*** Opening of Data below ***

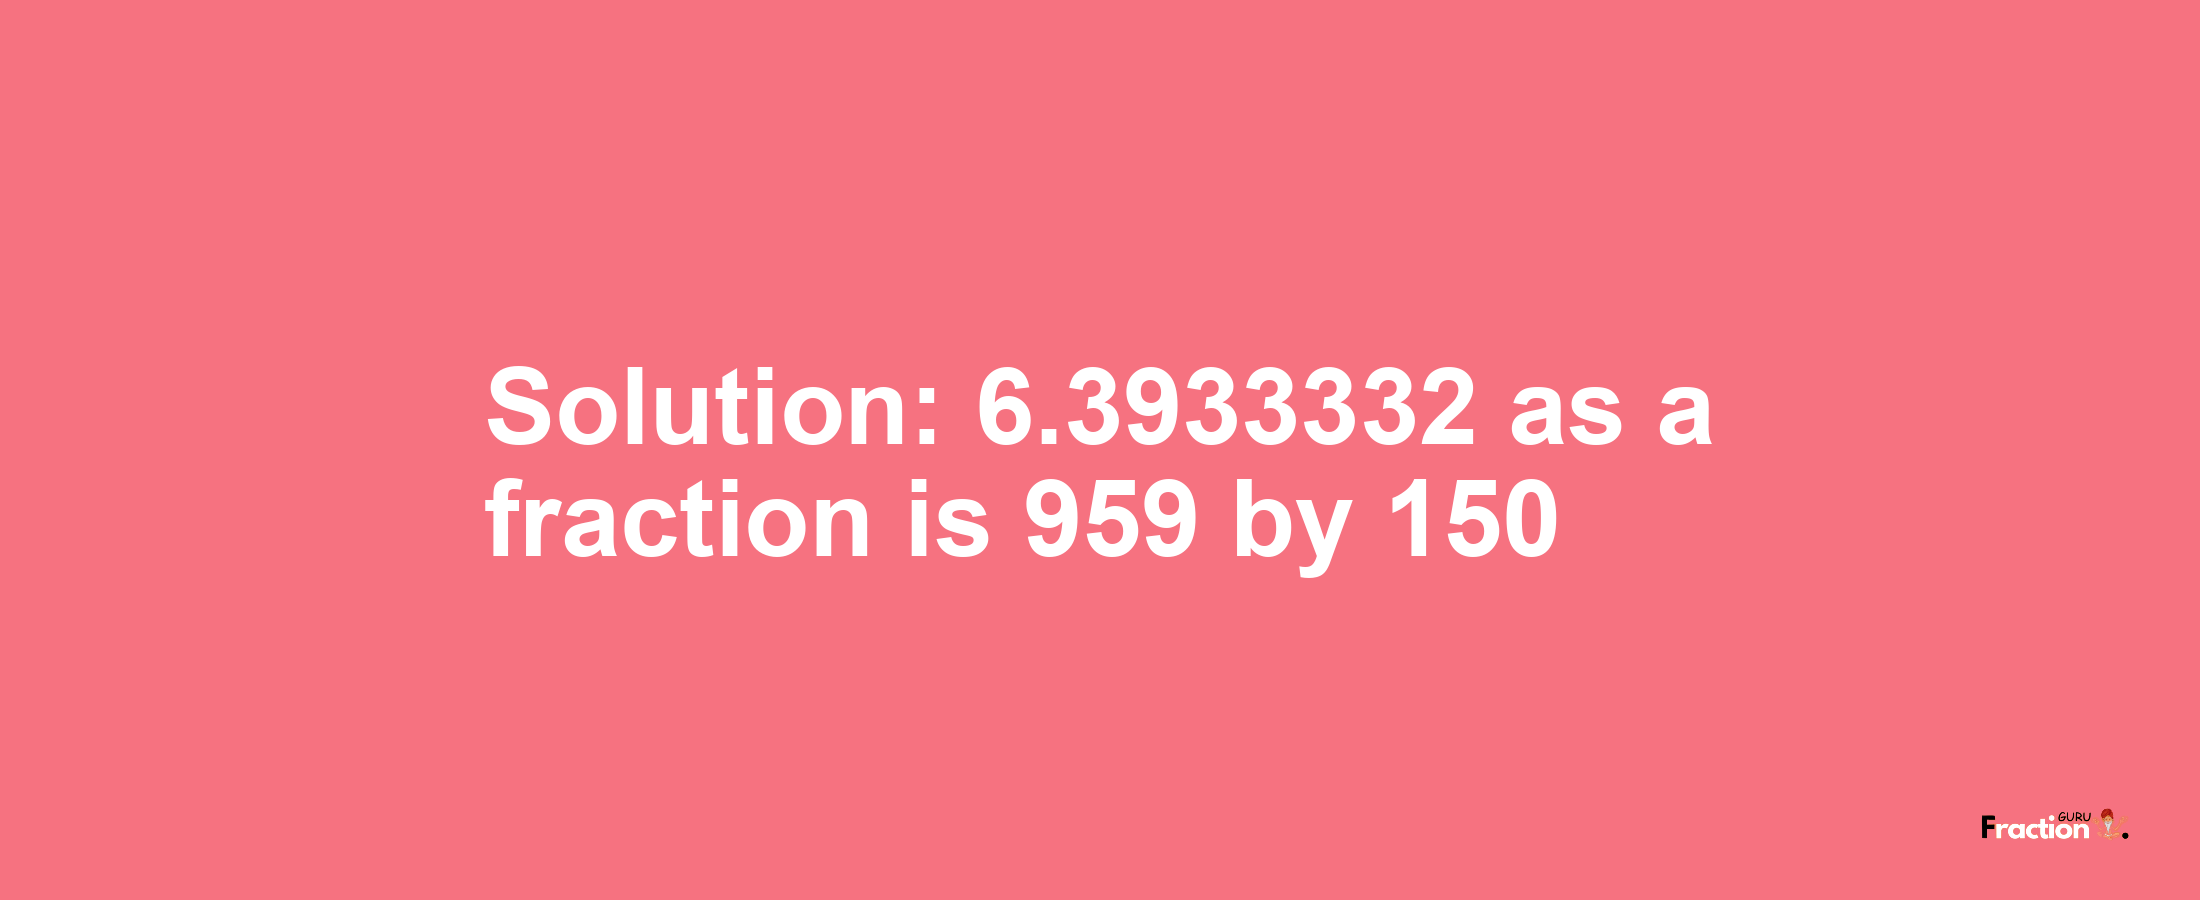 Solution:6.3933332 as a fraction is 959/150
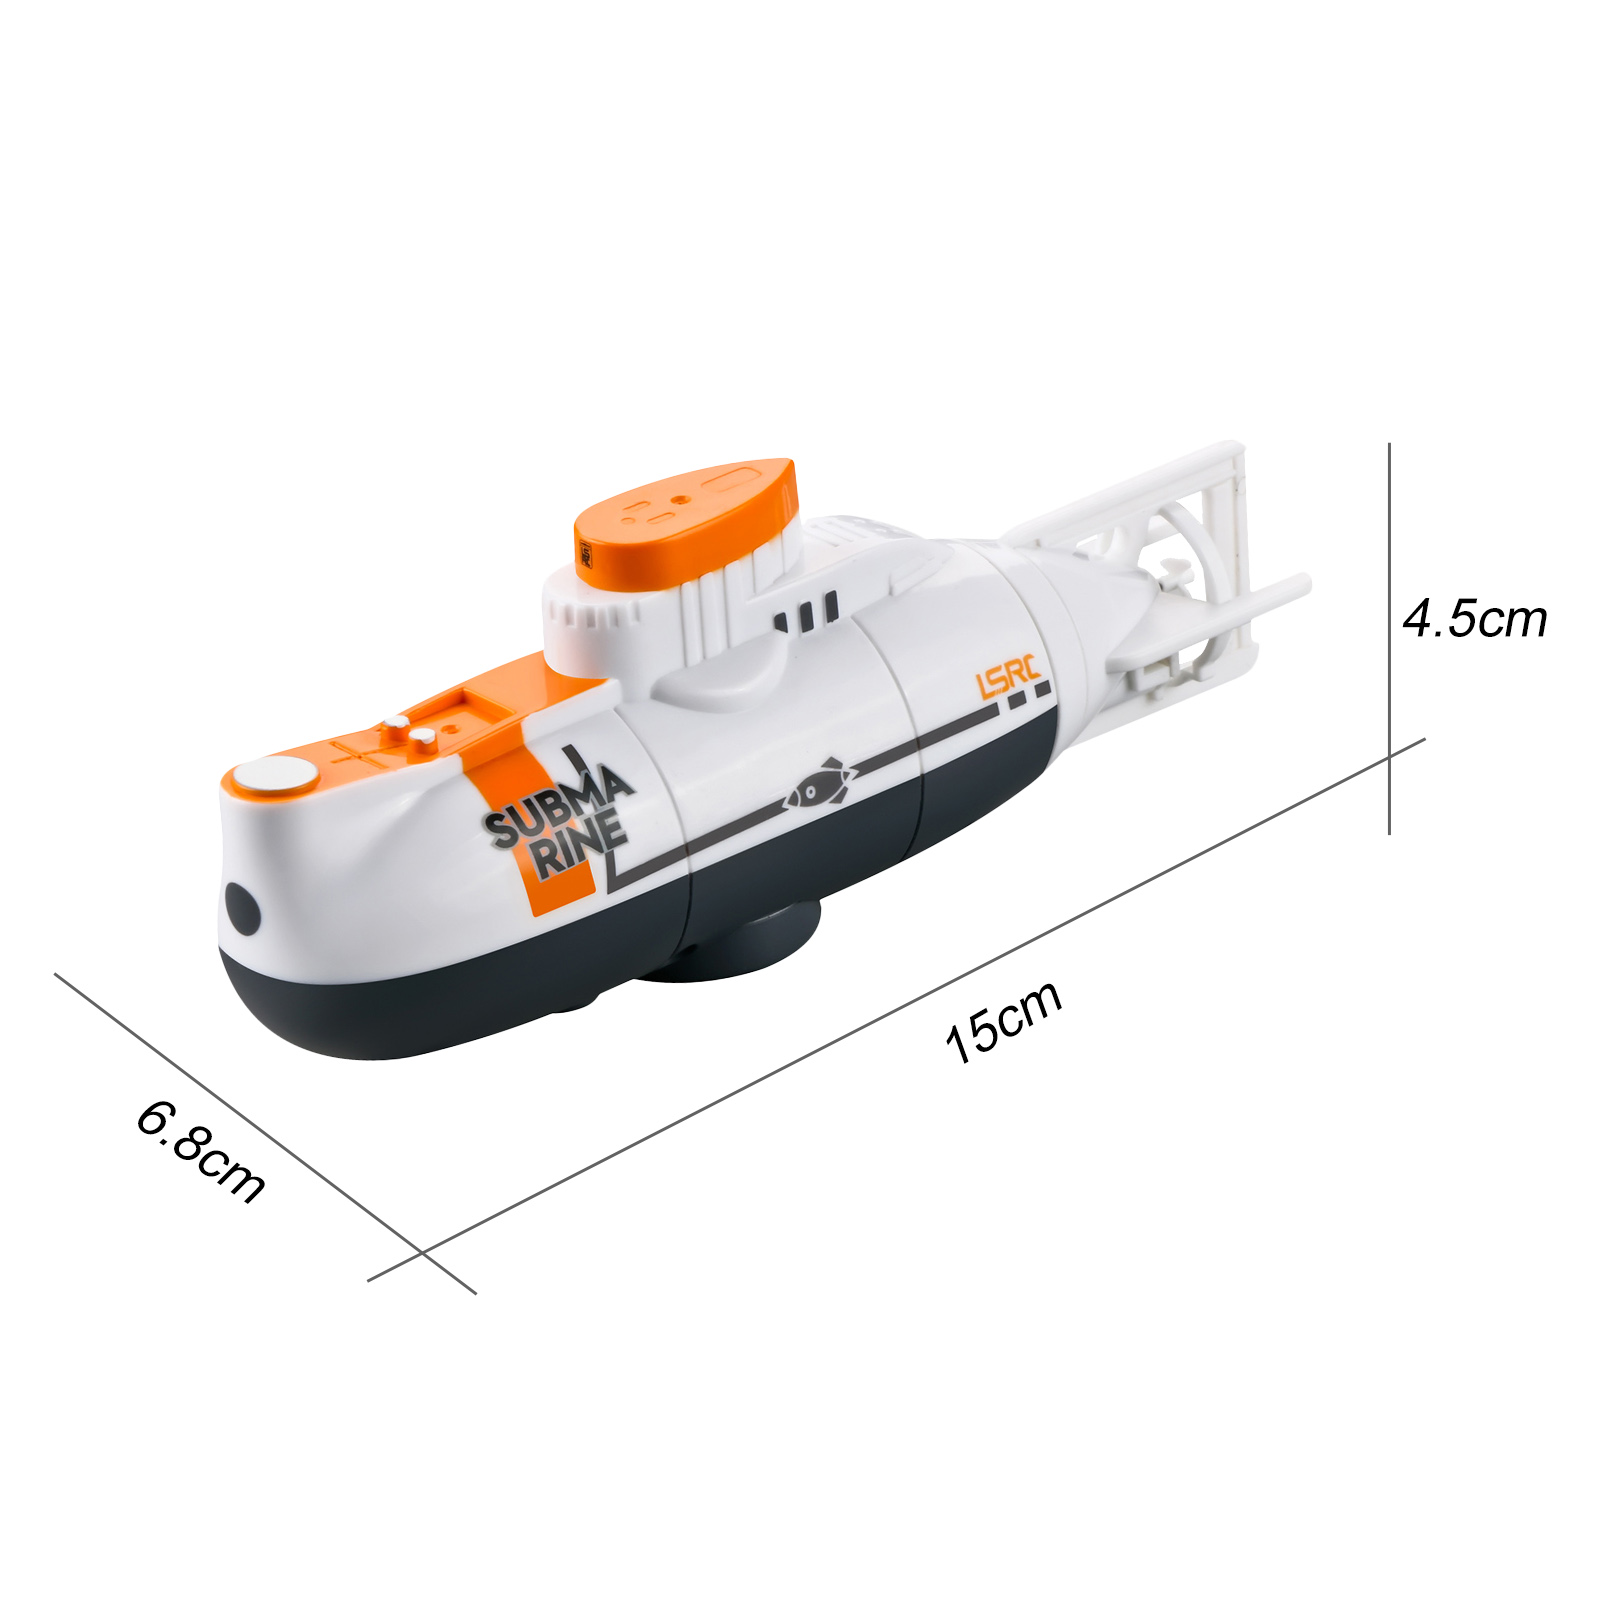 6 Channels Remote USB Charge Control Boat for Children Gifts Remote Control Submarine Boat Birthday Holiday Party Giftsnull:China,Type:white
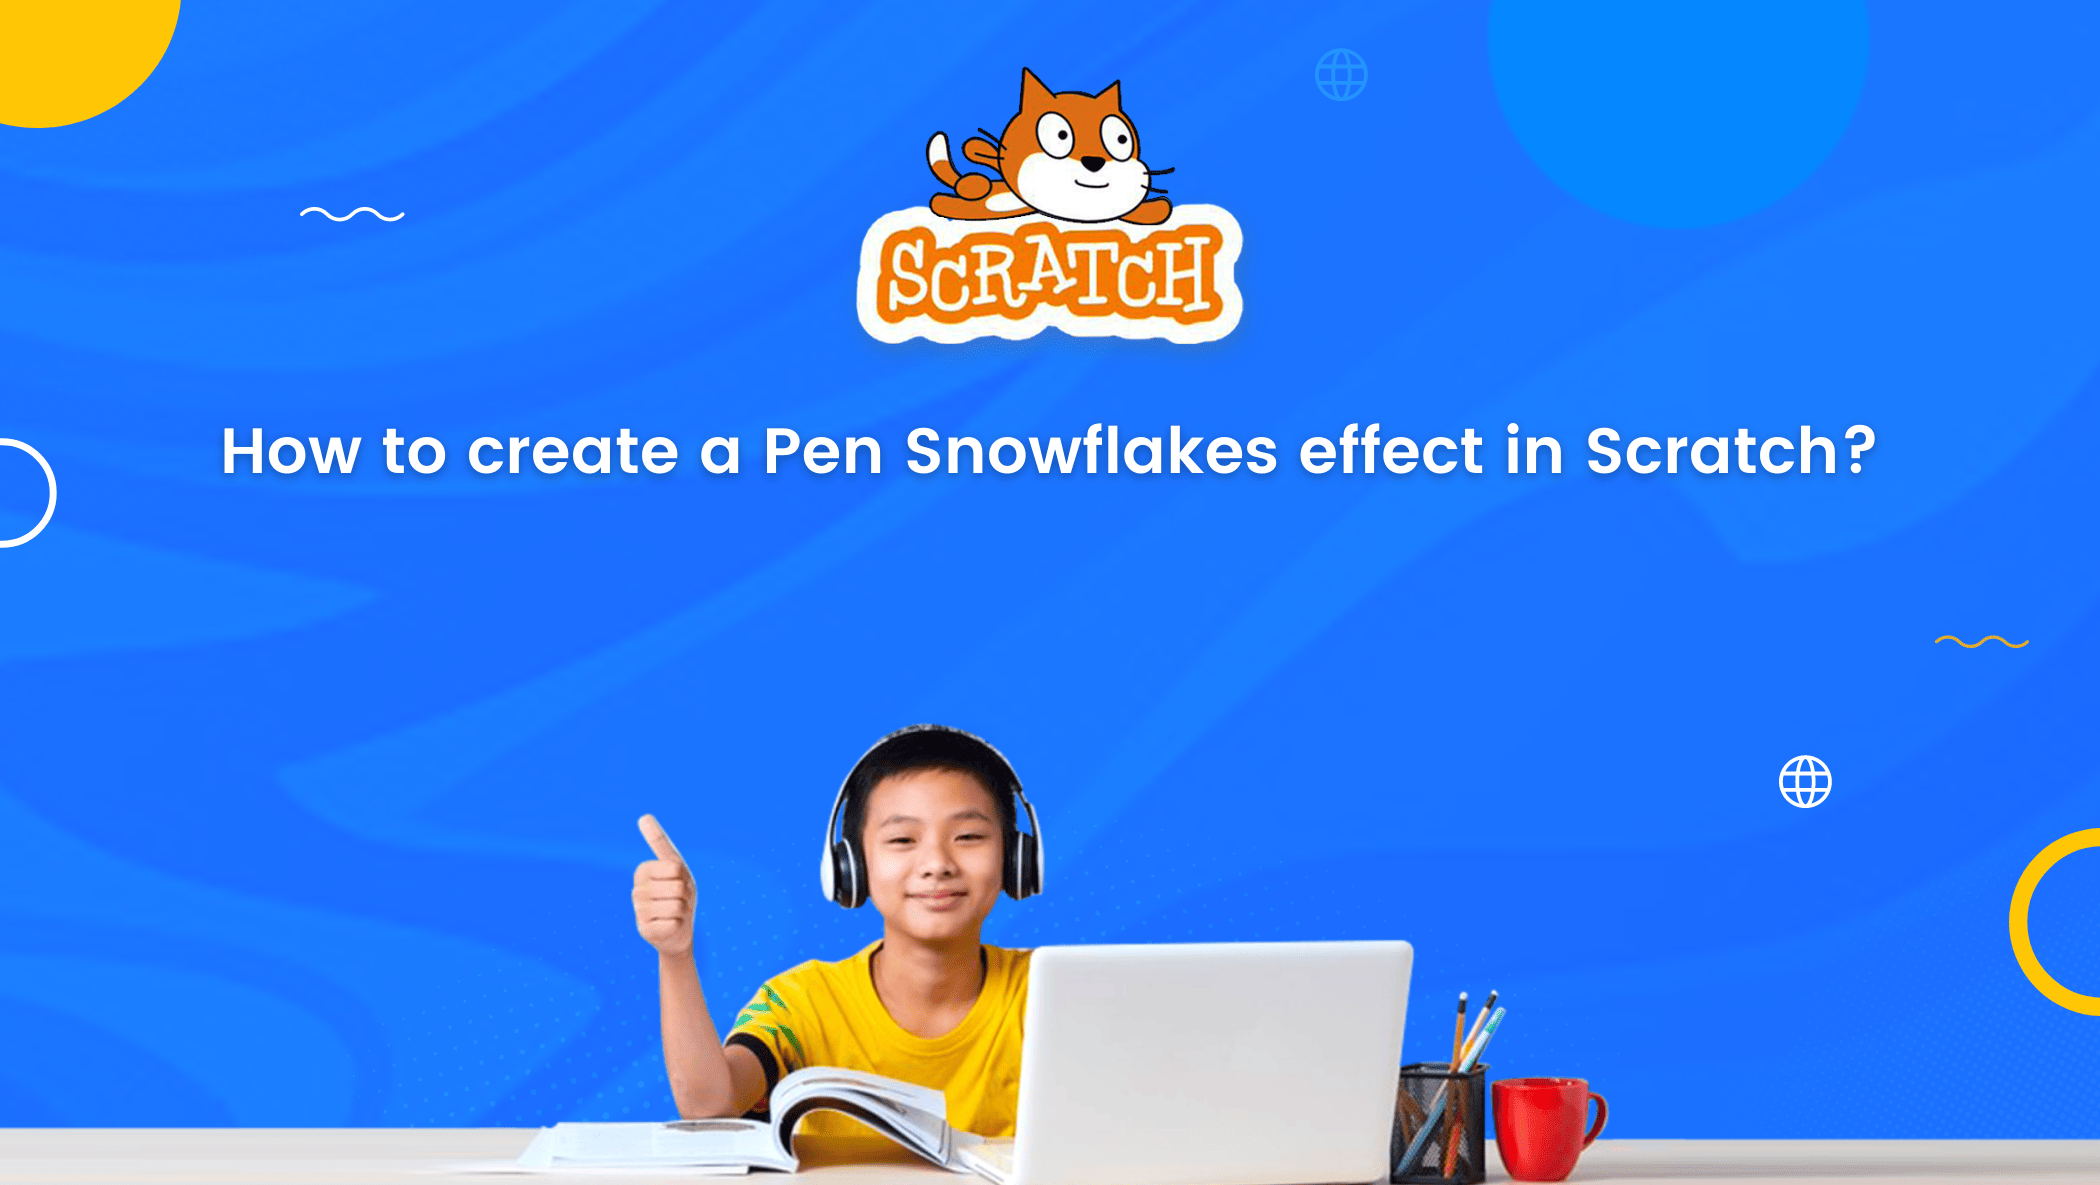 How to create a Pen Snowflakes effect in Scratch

*** Close of Data below ***

What you will do
Repeat the material exactly, without images.

Answer to this exercise
 Solution:6.3933332 as a fraction is 959/150
 6 Channels Remote USB Charge Control Boat for Children Gifts Remote Control Submarine Boat Birthday Holiday Party Giftsnull:China,Type:white
 How to create a Pen Snowflakes effect in Scratch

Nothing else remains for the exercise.